Оно, оказалось, зависит от того, как размещены ячеи и камеры в поющих и немых гнездах.
Шмели могут жужжать, действительно кондиционируя воздух в гнезде, и их песнь — словно шум четырехкрылого вентилятора в вытяжной трубе.
Горнист может — это чаще происходит ночью или под утро — подавать сигнал о перегреве воздуха, и тогда действительно рабочие начинают вентилировать гнездо. Под кровлей на соте остаются в таком случае только шмелиха и самые мелкие шмельки из ее свиты. Остальные обитатели гнезда уходят по подземным коридорам, собираясь в свободных полостях, окружающих восковой центр. Между этими-то пригородами и центром шмелеграда поддерживается акустическая связь.
Здесь трубачи могут играть не сбор, а, наоборот, команду «разойдись!».
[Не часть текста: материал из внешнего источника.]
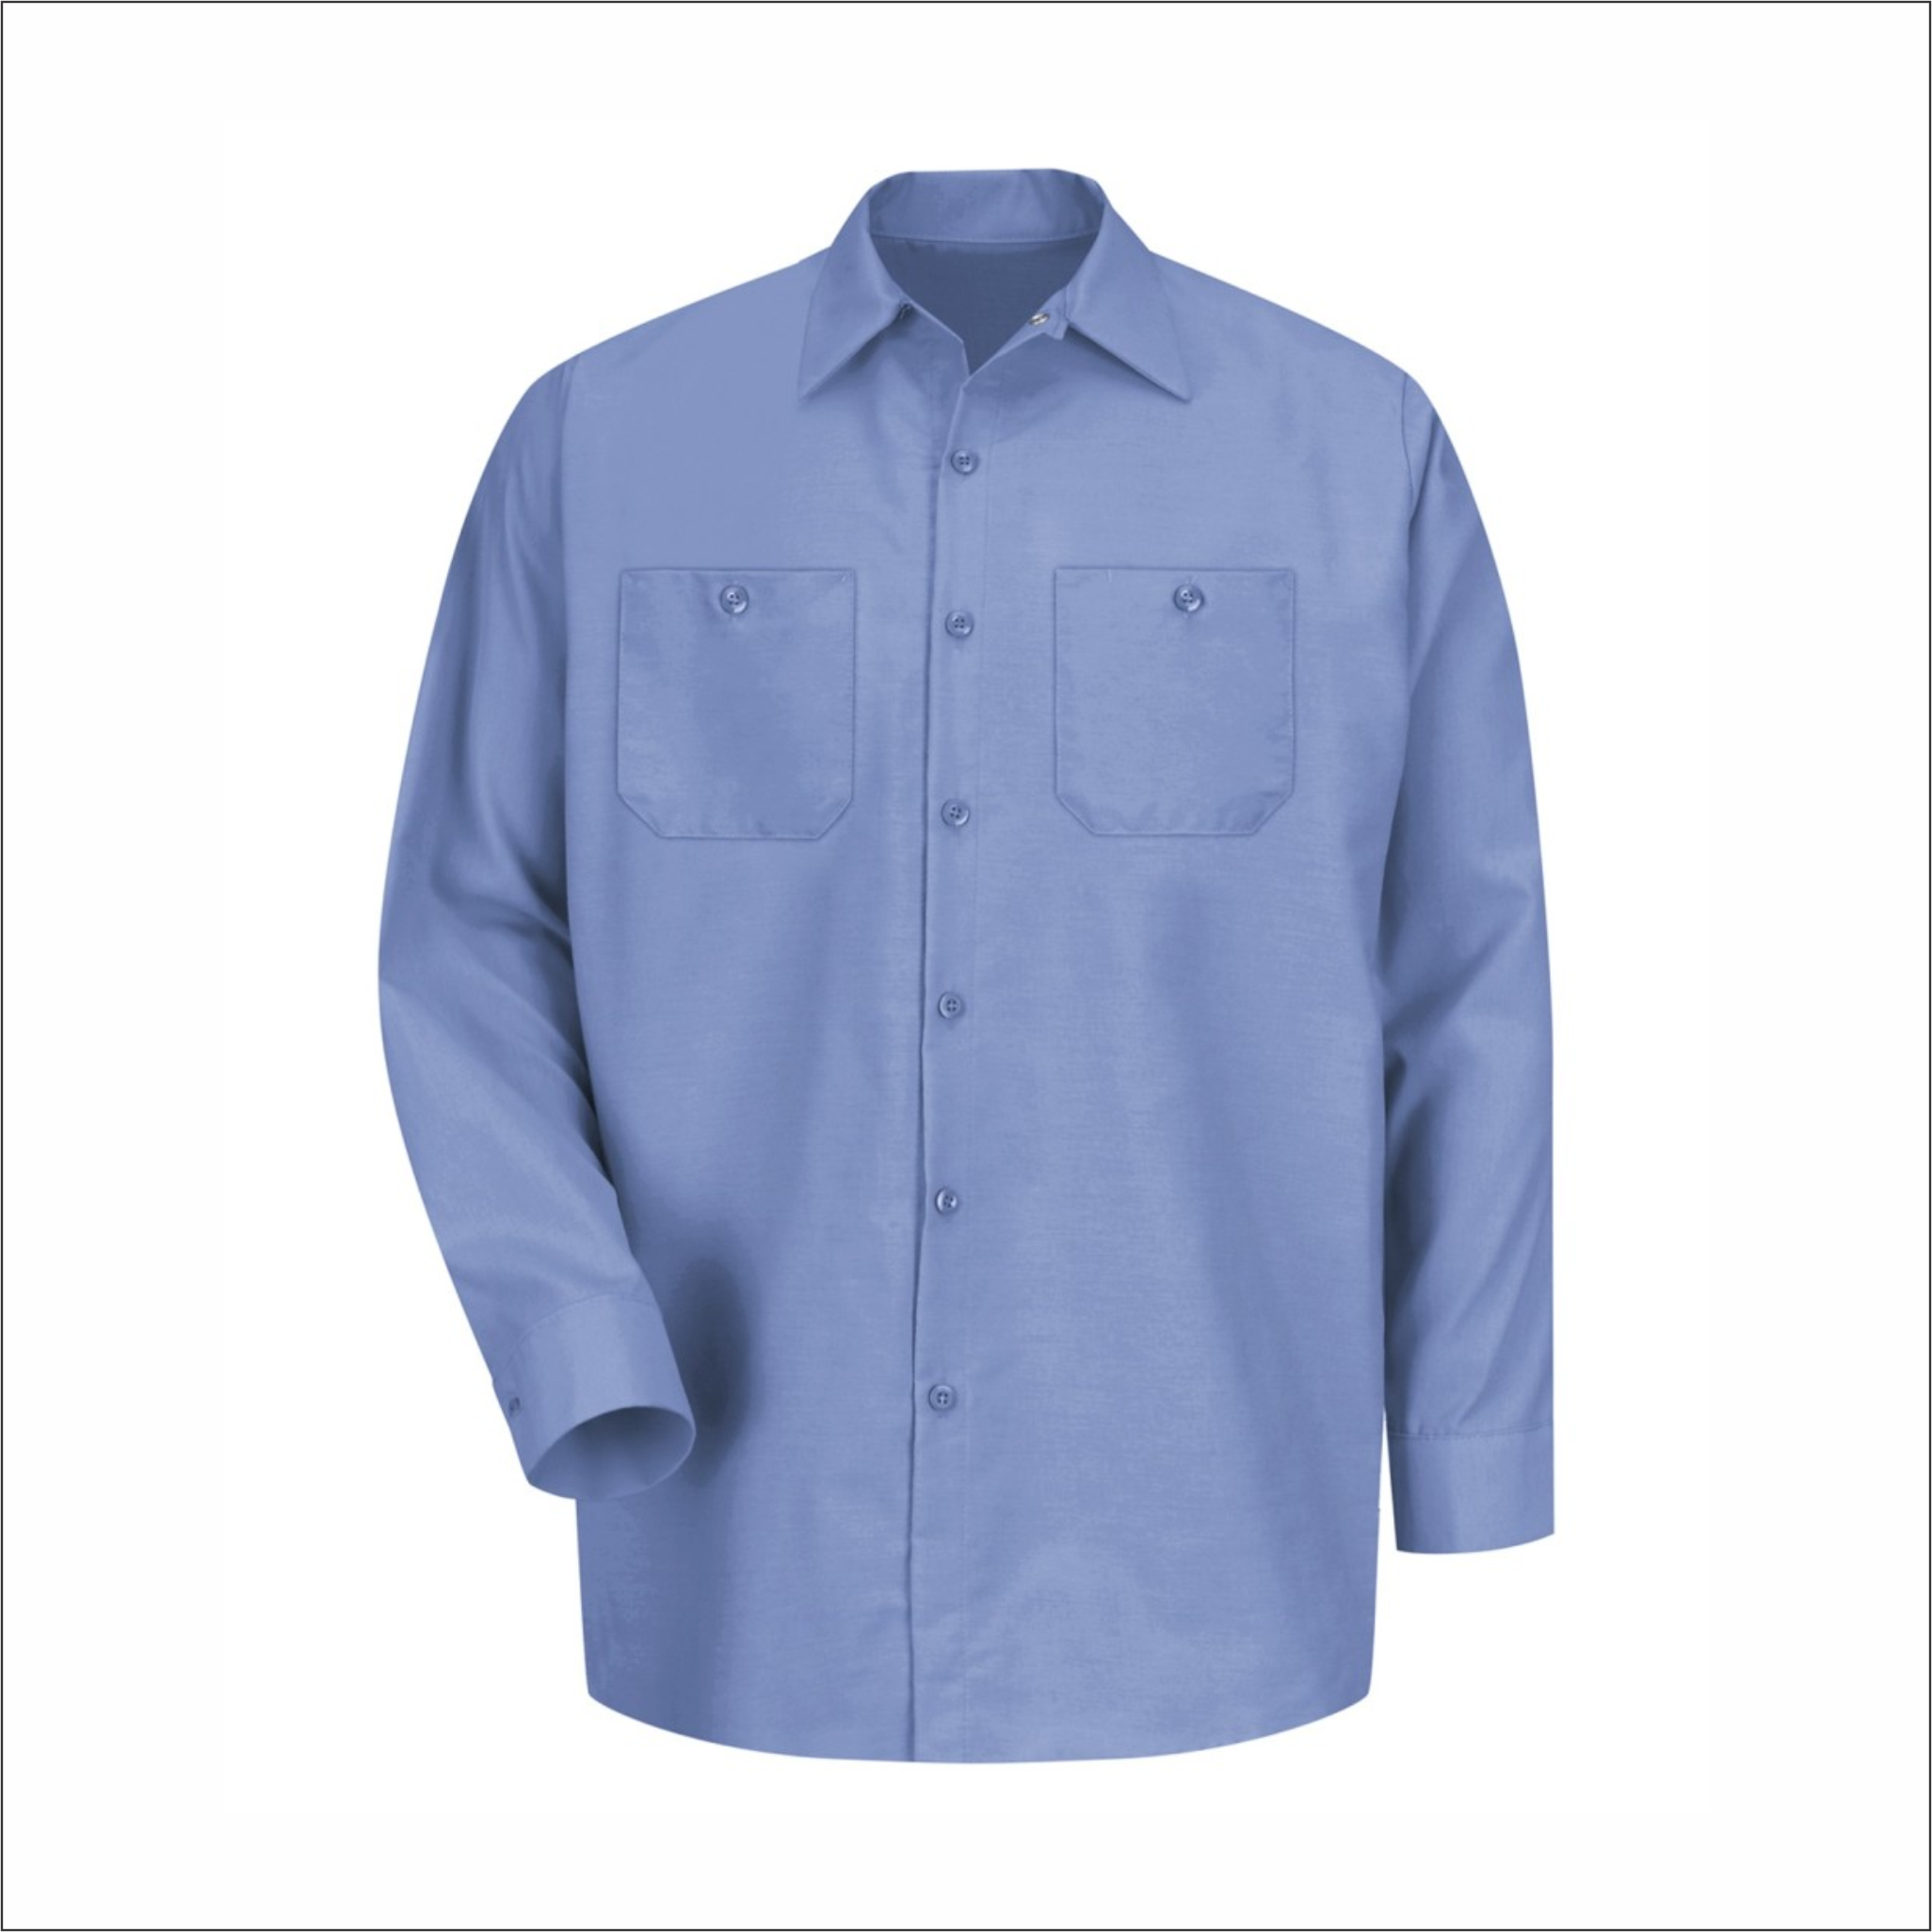 Adult Dress Light Blue Shirt - Long Sleeve - SP14

Есть другой сигнал — он тише, короче, отрывистей, словно перекличка часовых, которые связывают обитателей гнезда, оставшихся под кровлей дома, с теми, что сгрудились в запасных помещениях пригорода.
— Слушай!
— Есть слушать!
— Ау!
— Все в порядке!
В повести Сельмы Лагерлеф о Нильсе Хальгерсоне перелетные гуси перекликаются в пути:
«Я здесь, а вы где?»
Так же перекликаются и шмели в разветвленных гнездах.
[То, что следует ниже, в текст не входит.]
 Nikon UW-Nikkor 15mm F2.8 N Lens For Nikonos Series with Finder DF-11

Вставьте на мгновение в центральный ход гнезда кончик карандаша. Тон жужжания изменится, станет заметно громче и резче.
Повторите операцию с карандашом — и из гнезда вылетает стража, в воздух поднимаются крупные и средних размеров шмели. Другие высыпают на внешний купол гнезда. Если сухо, часть шмелей, опрокинувшись на спину, вытягивает вперед задние и средние ножки, передние прижимает к голове, как можно шире раскрывает челюсти, поднимает конец брюшка с жалом.
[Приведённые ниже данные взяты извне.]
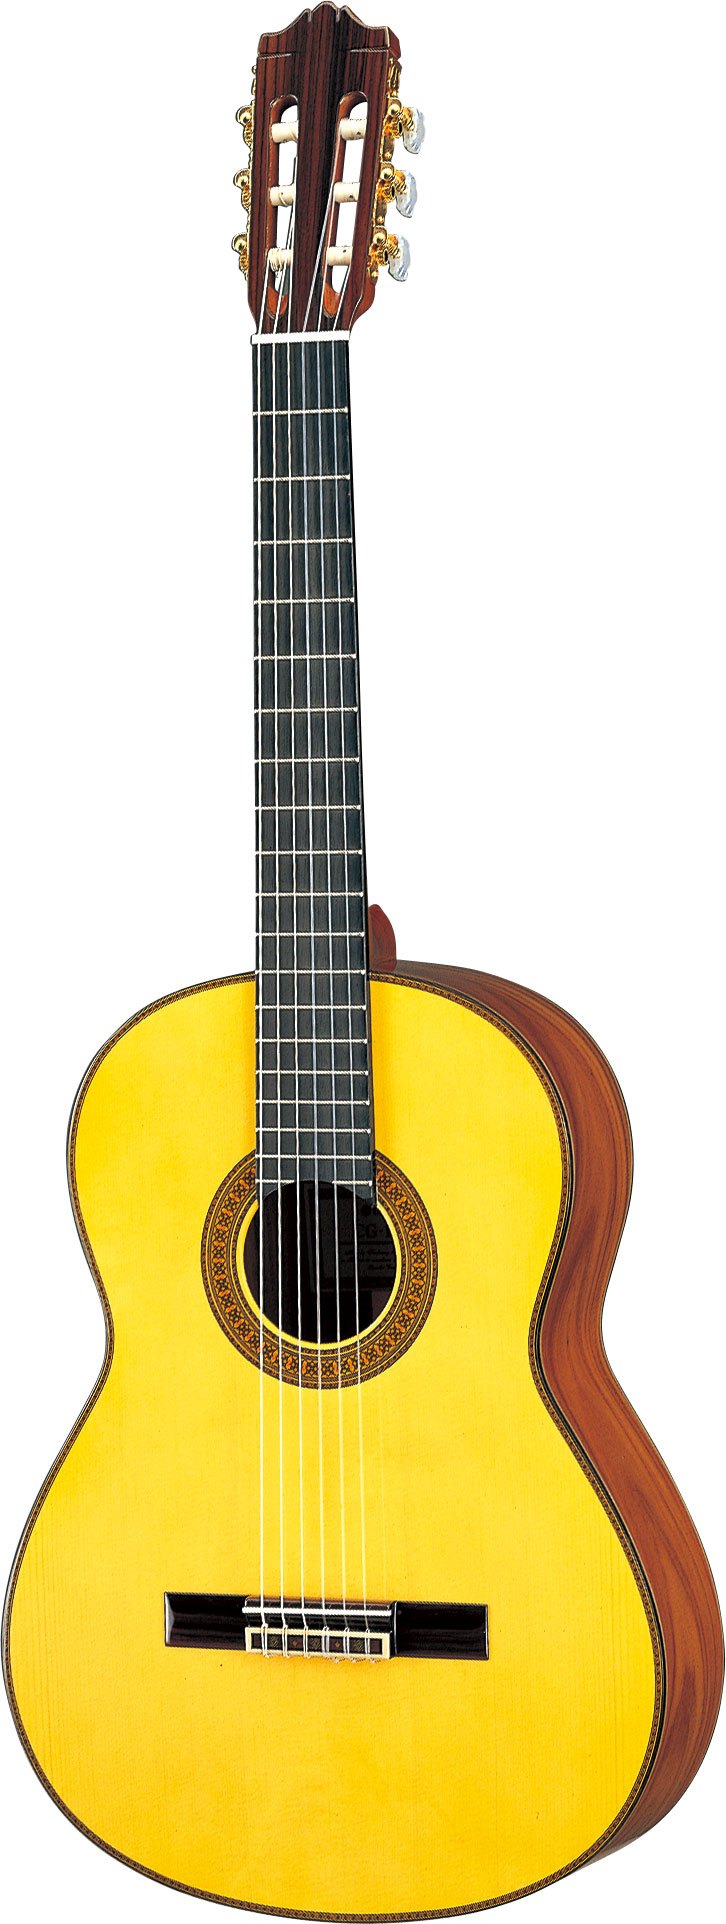 ヤマハ | CG171S - クラシックギター・ナイロン弦ギター - 概要

Знакомая нам поза полной боевой готовности: вцепиться, кусать, жалить!
Шмелиха и мелкие шмельки, оставшись в гнезде, зарываются глубже, прячутся под сот, даже в пустые коконы.
Выходит, Перез ошибался, говоря, что шмели лишены слуха?
Не совсем.
Они не воспринимают воздушных колебаний, зато колебания почвы, на которой находятся, улавливают очень тонко. Положите вблизи гнезда электробритву и включите ее. Шмели сразу отзовутся. Несмотря на то что шмели лишены слуха, вы обменялись с ними сигналами, и они подали ответный голос.
Теперь можно искать и самого трубача. Надежно замаскированный своим одеянием, крупный шмель впился в грунт, изогнул тело, опустил голову и, выставив вперед чуть дрожащие усики, гудит, жужжит, работая крыльями. Они не различимы в быстром движении, только пыль и труха летят из-под них.
Ну, а что же с поэтической легендой об утренней зоре, которую горнист играет на рассвете?
Существует, оказывается, и этот сигнал. Он подается после того, как в гнездо, где не менее часа было совсем темно, начал проникать достаточно яркий свет. Опыты с искусственно затемняемыми в разное время гнездами показали: затемнение должно поддерживаться дольше часа, только тогда свет вызывает трубача, который словно извещает о восходе солнца, о начале нового рабочего дня, о летной погоде, о часе, когда можно приступить к сбору корма.